* [What needs to be done]: Reproduce, word for word, the lines in the material below starting with the one that has "Бас пастка Ecosound" and going on through the one that has "Kakolat Falls - Top". Leave out all pictures.

* [Data shown]:
————————

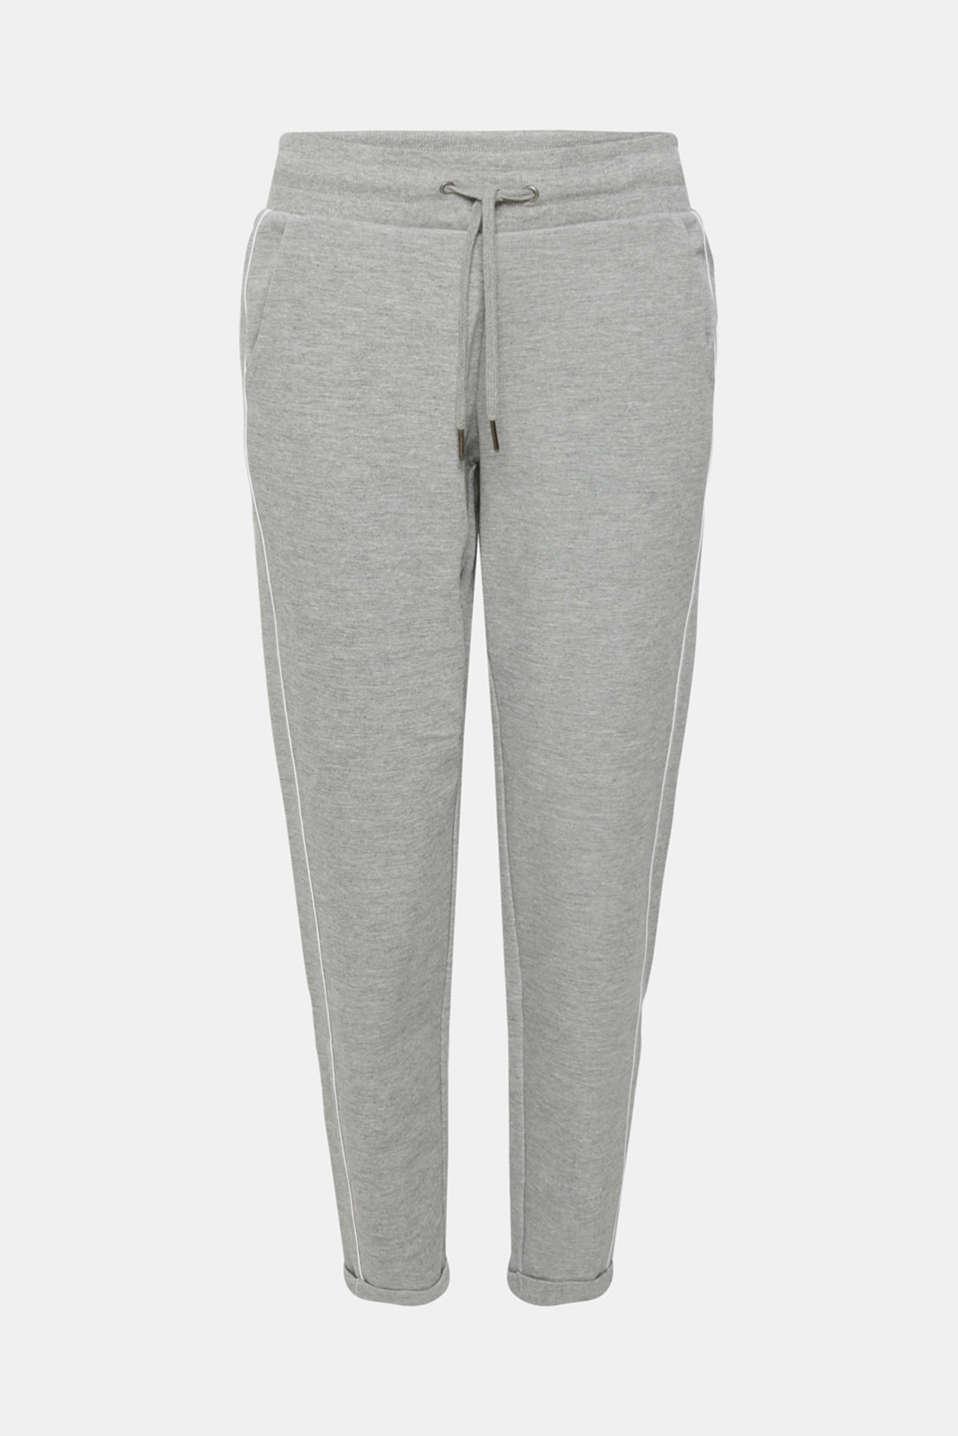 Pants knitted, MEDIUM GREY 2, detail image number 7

————————

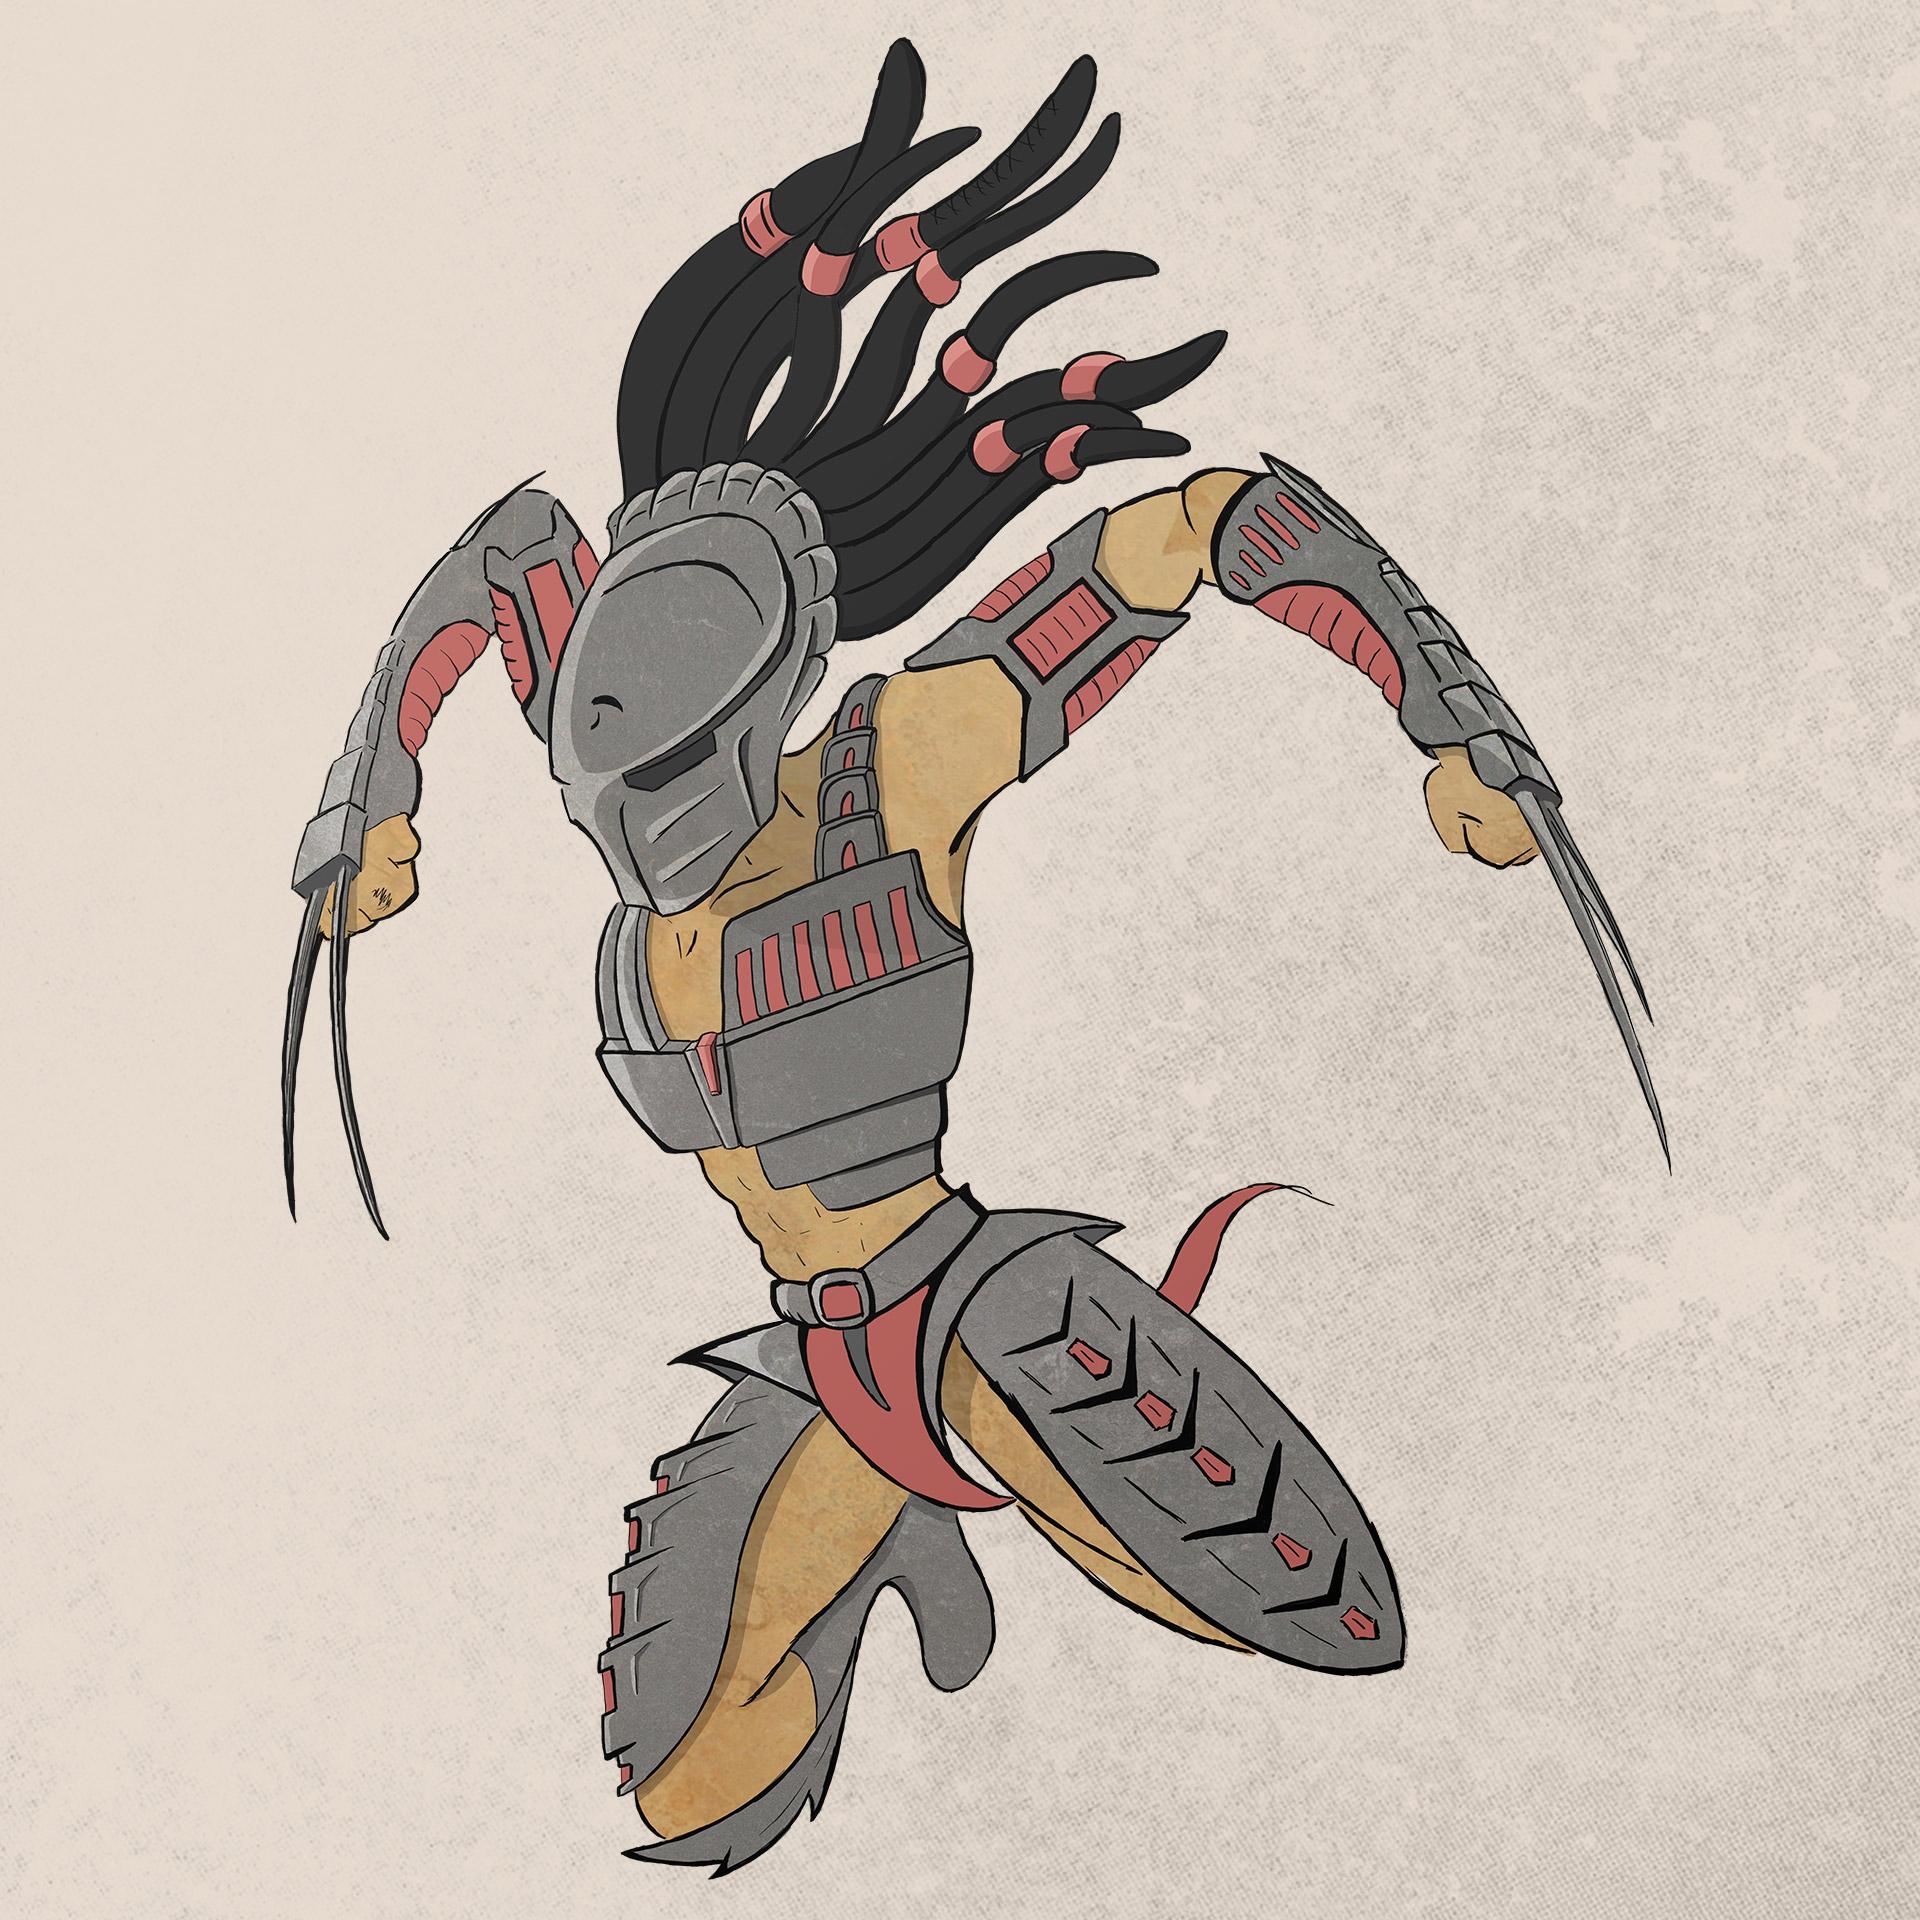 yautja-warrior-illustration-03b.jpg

————————

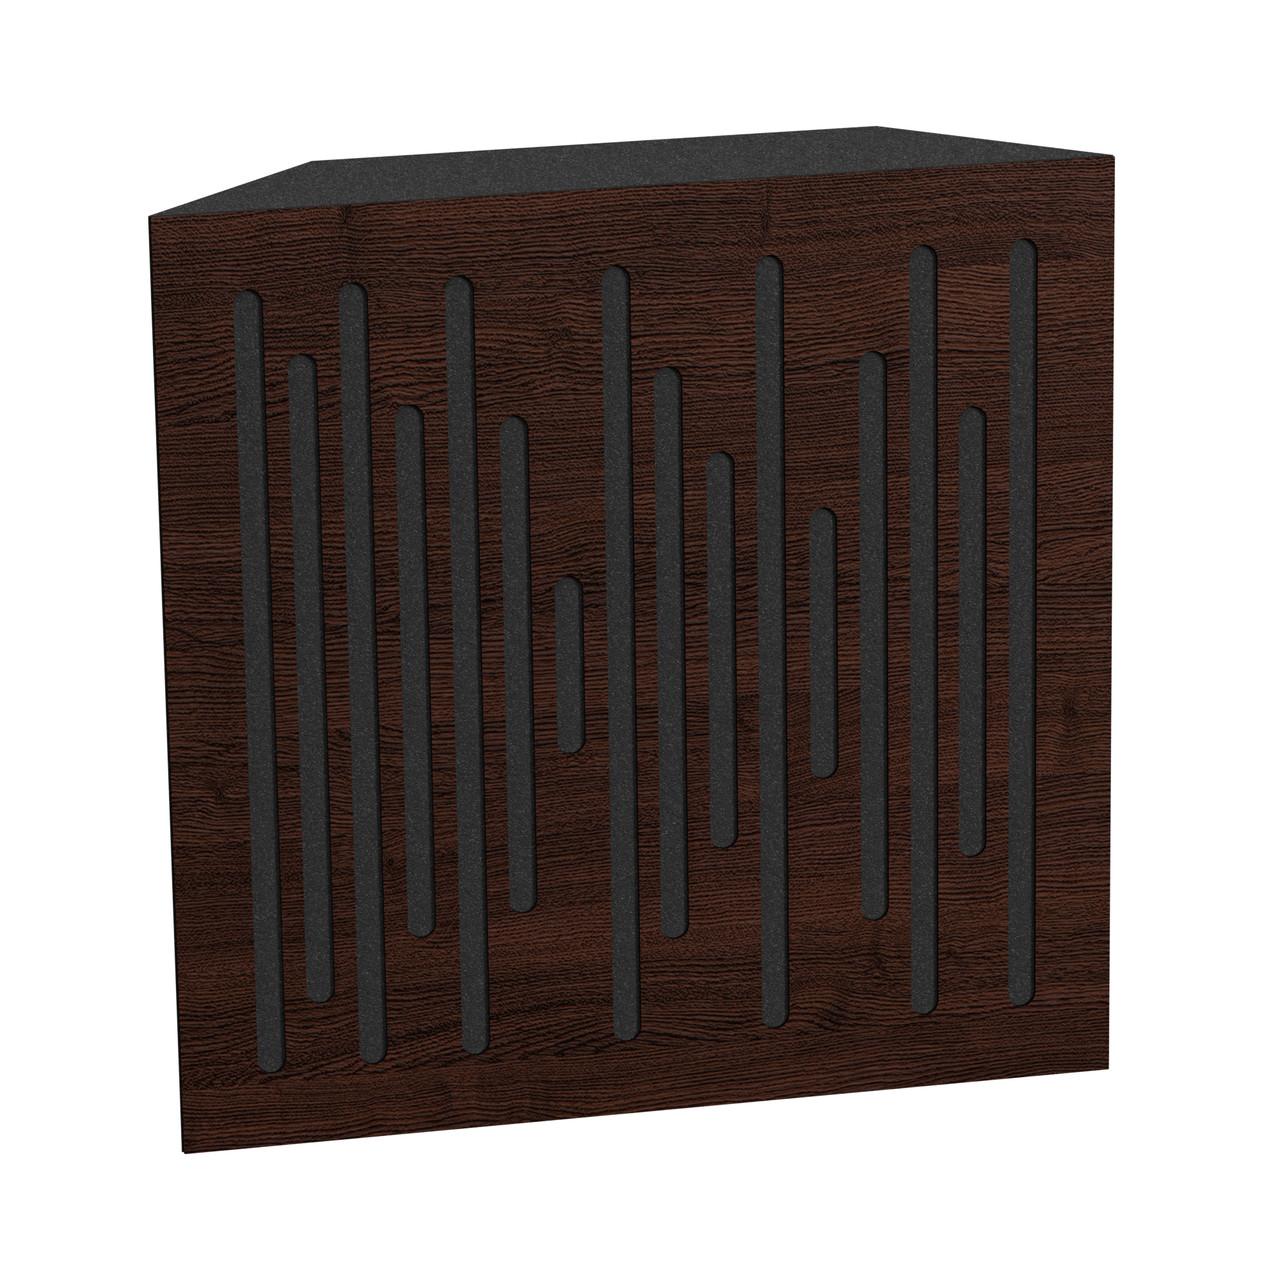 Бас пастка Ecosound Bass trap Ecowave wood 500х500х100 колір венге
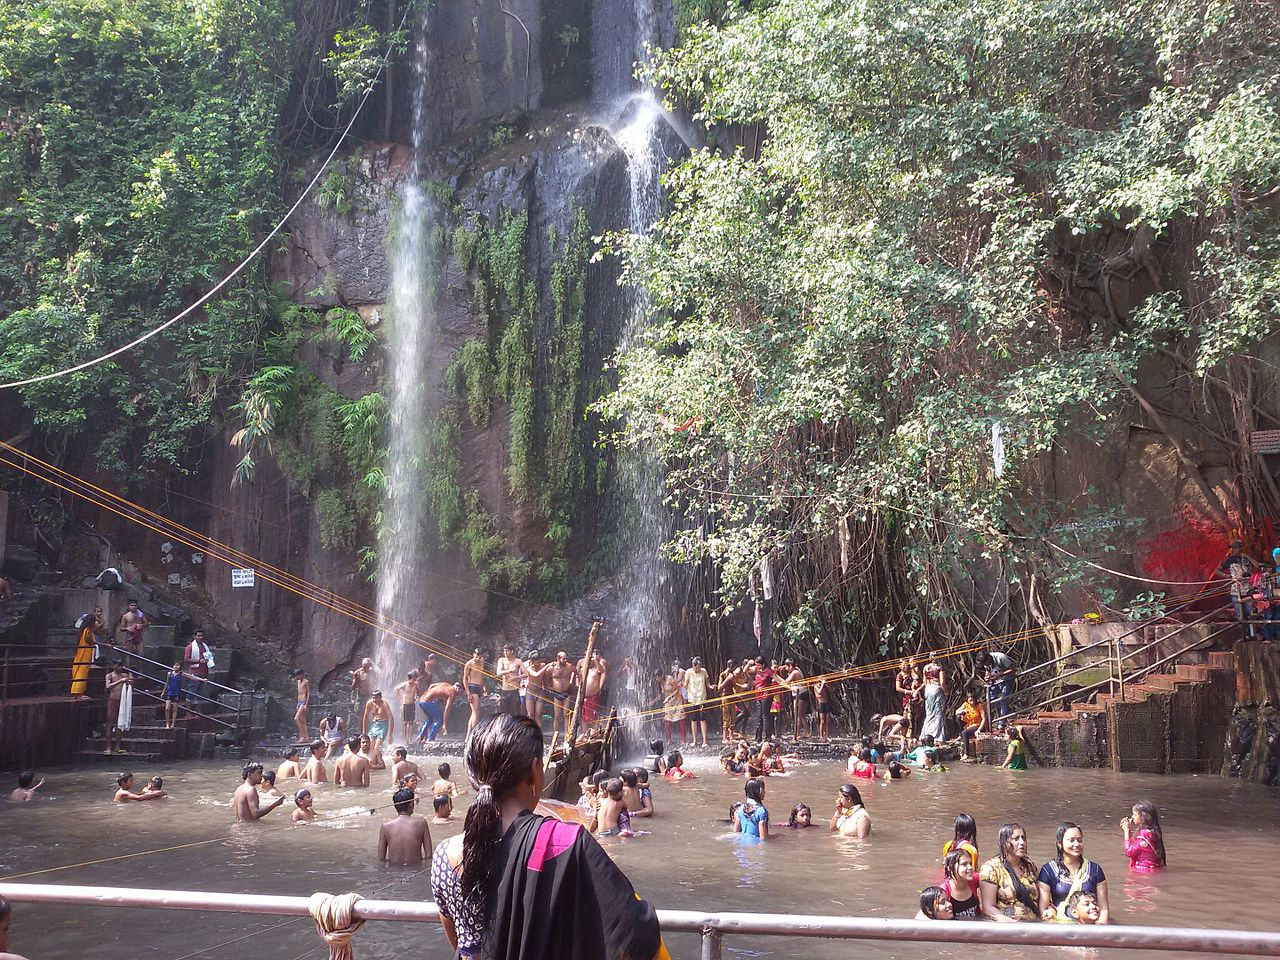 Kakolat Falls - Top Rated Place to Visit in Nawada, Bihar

————————

* [Result for this exercise]:
 Бас пастка Ecosound Bass trap Ecowave wood 500х500х100 колір венге
 Kakolat Falls - Top Rated Place to Visit in Nawada, Bihar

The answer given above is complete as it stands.